August 22, 2013

"Many schools are preparing children for yesterday"

The first of 11 Dutch ‘Steve Jobs schools’ was opened yesterday in Sneek/the Netherlands..
In this elementary school the Ipad is textbook, notebook, agenda and plaything at the same time. The pupils are learning typing instead of writing and they decide themselves where and when they study.
The zombies on the Ipad screen come menacingly closer. If the answer to the calculation not fast enough is typed, you're the Marylou.
At the right answer the zombie changes in a cheerful smiling stick man.
The children like it. "Zombie counting is much more fun than writing in a boring notebook".
A group of girls demonstrates the apps connected in their subject matter.
The little fingers go flying and agile across the screen. Last year they were still with books and notebooks for their nose at school. Now they sit in Sneek in a brand new building with the name "Master Steve Jobs School".
Which previously feared to find a surreal, sterile Apple Lab, will be disappointed. The cosy building has the decor of an ordinary primary school.
The books are just a side issue. The Ipad is the device.
The teacher is called here a 'talent coach' and the school is a 'community '.

The students are not following central classroom lessons, but work independently in groups which are classified by age and social development. With the Ipad, they have access to the digital learning environment.

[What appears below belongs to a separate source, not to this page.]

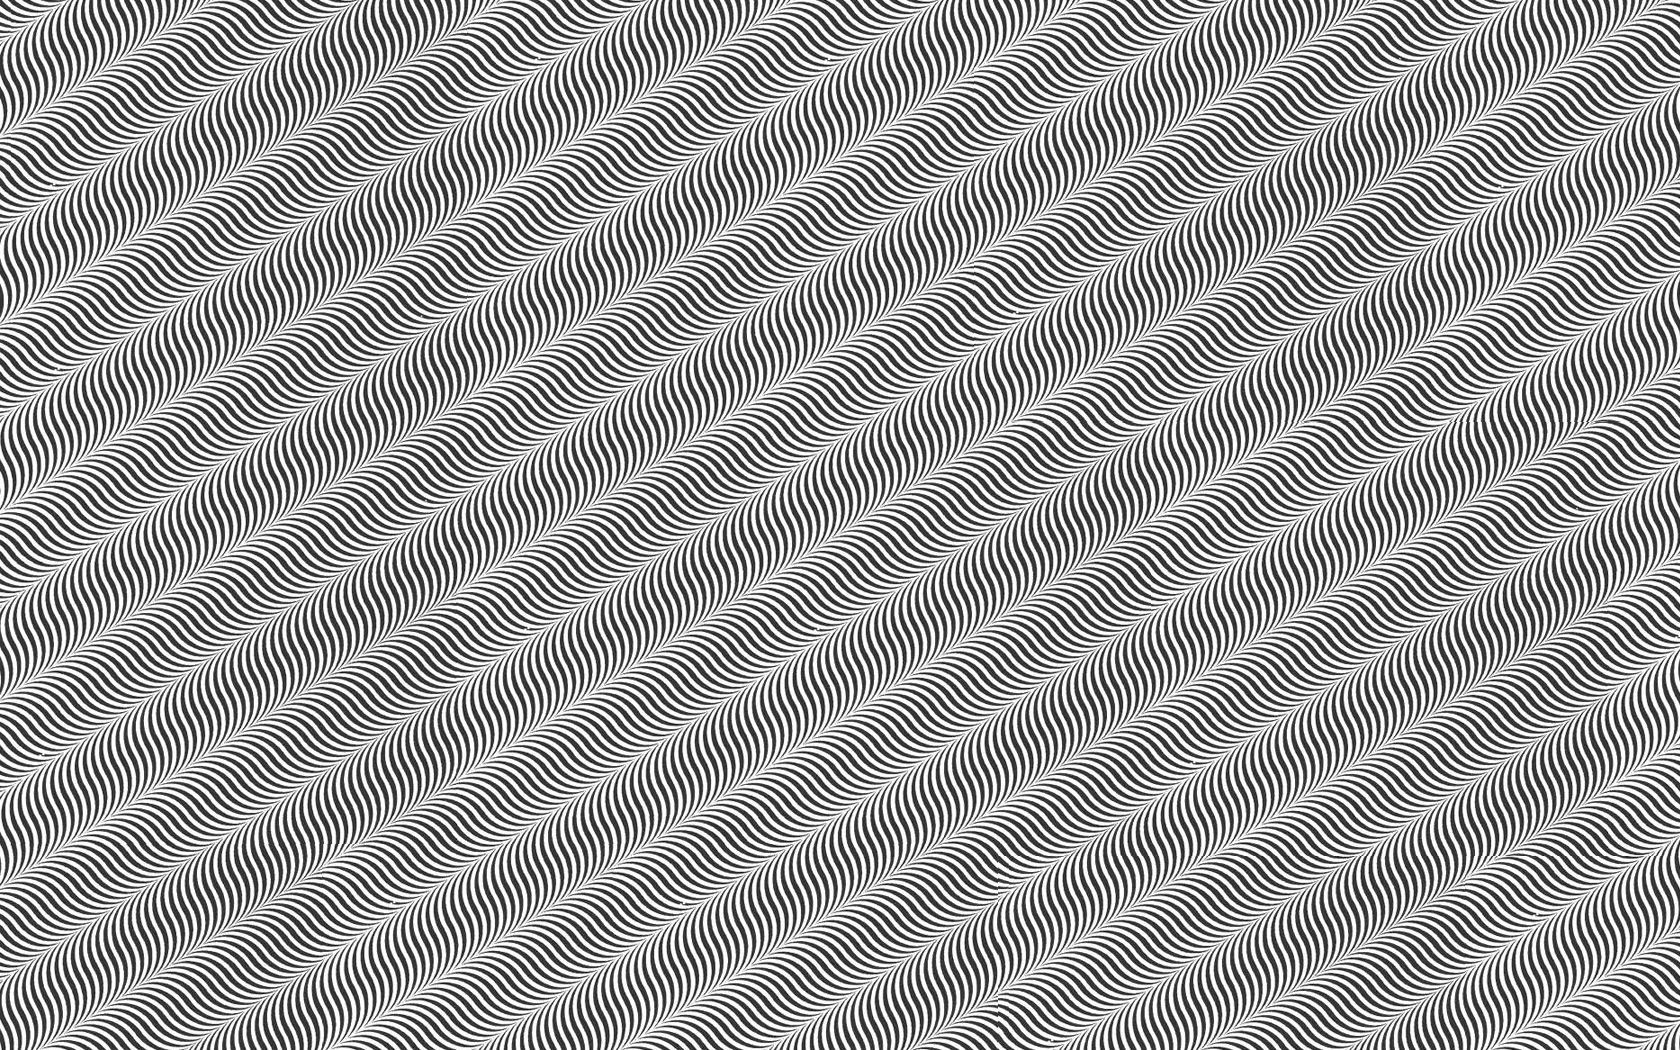 Black and White Optical Illusions Wallpaper, wallpaper, Black and ...

They get short instructions and after it they go for their work individually.  They organize their time themselves and can therefore do much at home.
Initiator Maurice de Hond believes that the traditional education is not following the actual development: “Many schools are preparing the children for yesterday. We prepare them for the world after 2030. The profit lies in the integrated approach”.
His concept of ‘Education for a New Age’ (E4NA) gets much commotion.
The German memory researcher Manfred Spitzer calls it a form of child abuse. But the reaction of the school: "We teach children to use the Ipad on a sensible way. There is a generation that missed the IT development".
The students are not following central classroom lessons, but work independently in groups which are classified by age and social development. With the Ipad, they have access to the digital learning environment. They get short instructions and after it they go for their work individually.  They organize their time themselves and can therefore do much at home.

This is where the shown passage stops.